Top Five: Use the fifth best target score to date as the initial threshold in the early termination algorithm when processing the sixth and higher target classes in the first stage classifier. Note only the five best target type matches in the first stage classifier are reported to the second stage.

Hotspot Rasters:Rearrange the template rasters according to their power content so rasters with the largest extreme points are processed first. This approach should allow non-matching templates to terminate faster.

Prestage: Process the first "N" rasters for all template files. Sort the results to determine the best order to process the target classes, pose angles, and offset locations.

Hot Pixel: Remove the "N" pixels with the largest extreme values from their rasters and include these pixels as the first "N" rasters within the template file.

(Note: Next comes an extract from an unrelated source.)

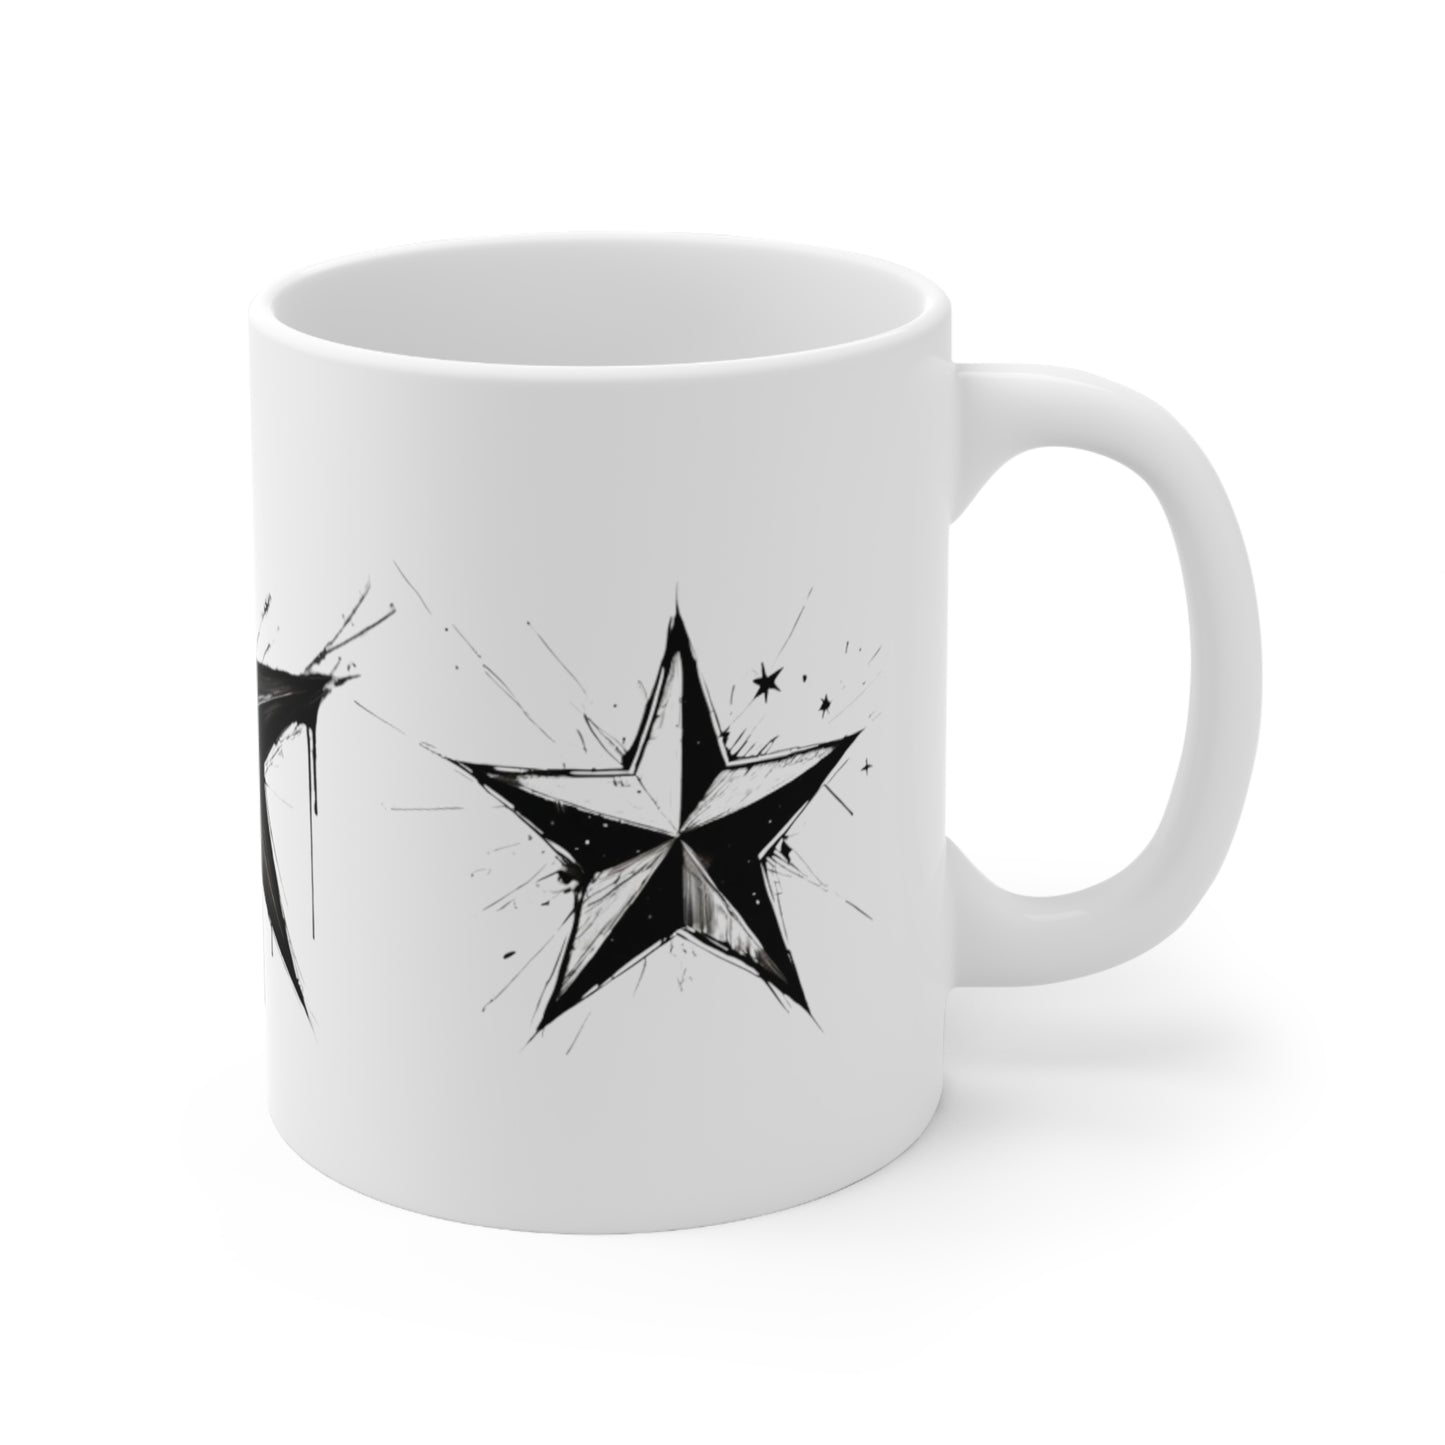 Black and White Sketched Stars Mug - Ceramic Coffee Mug 11oz
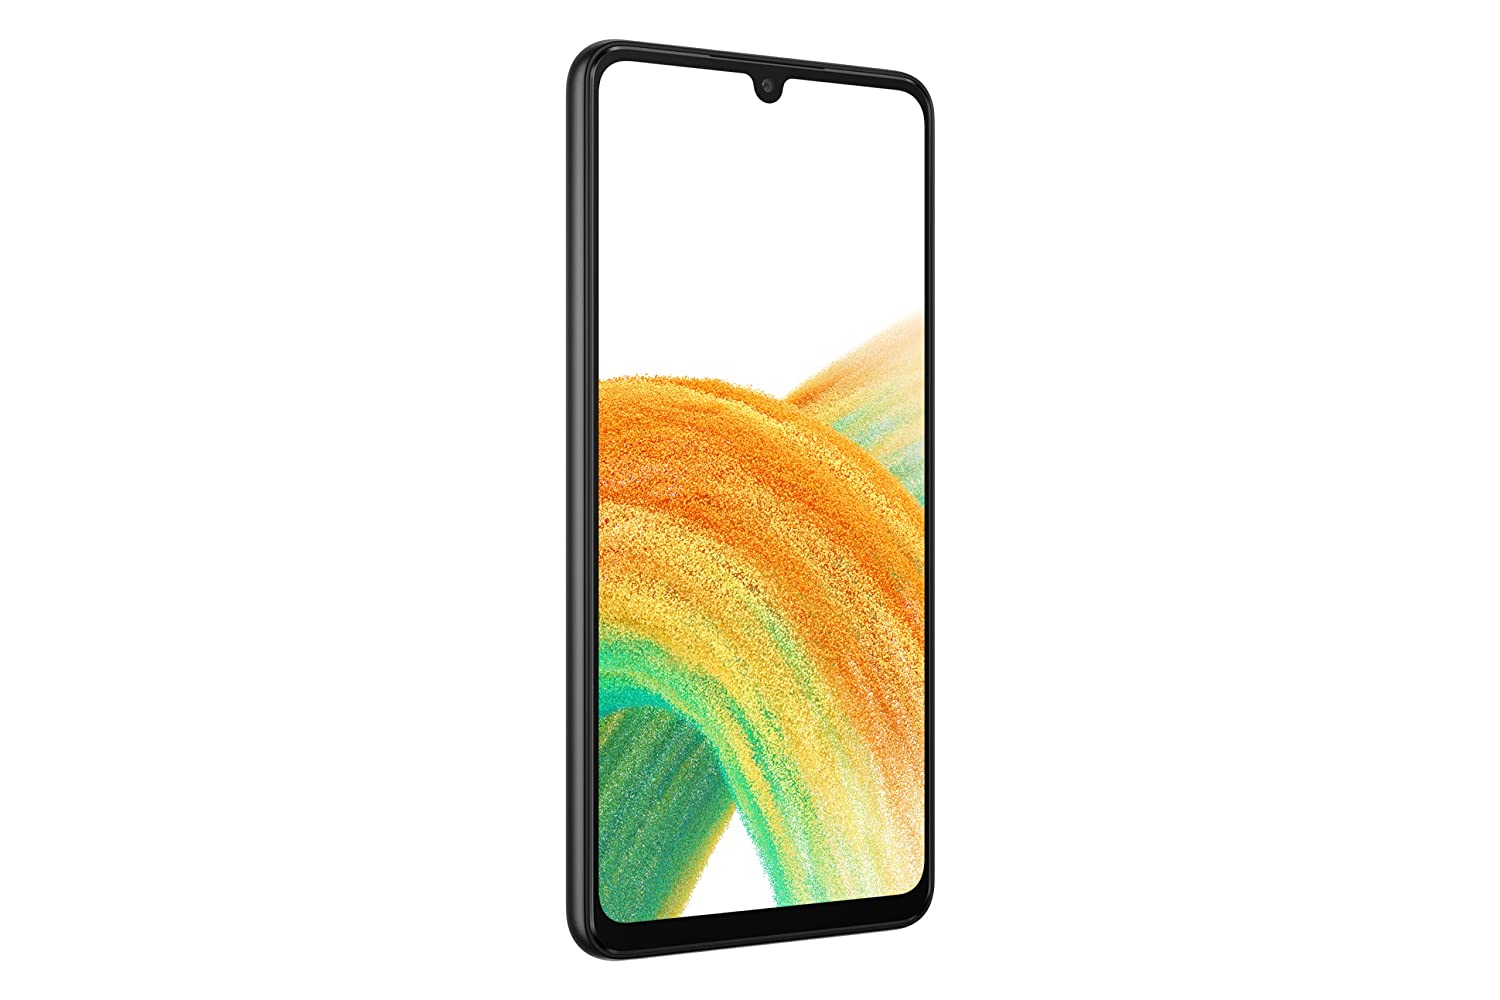 Samsung Galaxy A33 5G (Awesome Black, 8GB, 128GB Storage) | 48 MP No Shake Cam | Upto 16 GB RAM - Mahajan Electronics Online

The results for each of these algorithmic variants are summarized in Table 2-1. The percentage of pixels processed for both the first and second stage classifier is given in this table for each approach. The results indicated the intrinsic computational requirements were reduced for each successive algorithmic variant. However, the impact of performing the comparison and indexing overhead is not included in this table. The early termination algorithm with hotspot rasters was selected as the baseline approach since the indexing overhead was a minimum with this approach and the processing for each template class is independent from the other classes. This approach simplified the partitioning of the classifier across distributed processors. It also reduced the original early termination computational requirements by 25 percent. Based upon this approach, the overall processing rate of the classifier was 1.1 Gflops per second versus the original requirement of 2.9 Gflops per second.

The enhancements made to the classification algorithm are more suitable for implementation in a programmable DSP. The tradeoff studies for the custom board development indicated there was both high risk and significant development costs for developing a custom board which would meet the BM4 requirements on a single board. As a result, implementing the classifier on COTS signal processing boards emerged as an attractive approach if the classification requirements could be met using two COTS boards.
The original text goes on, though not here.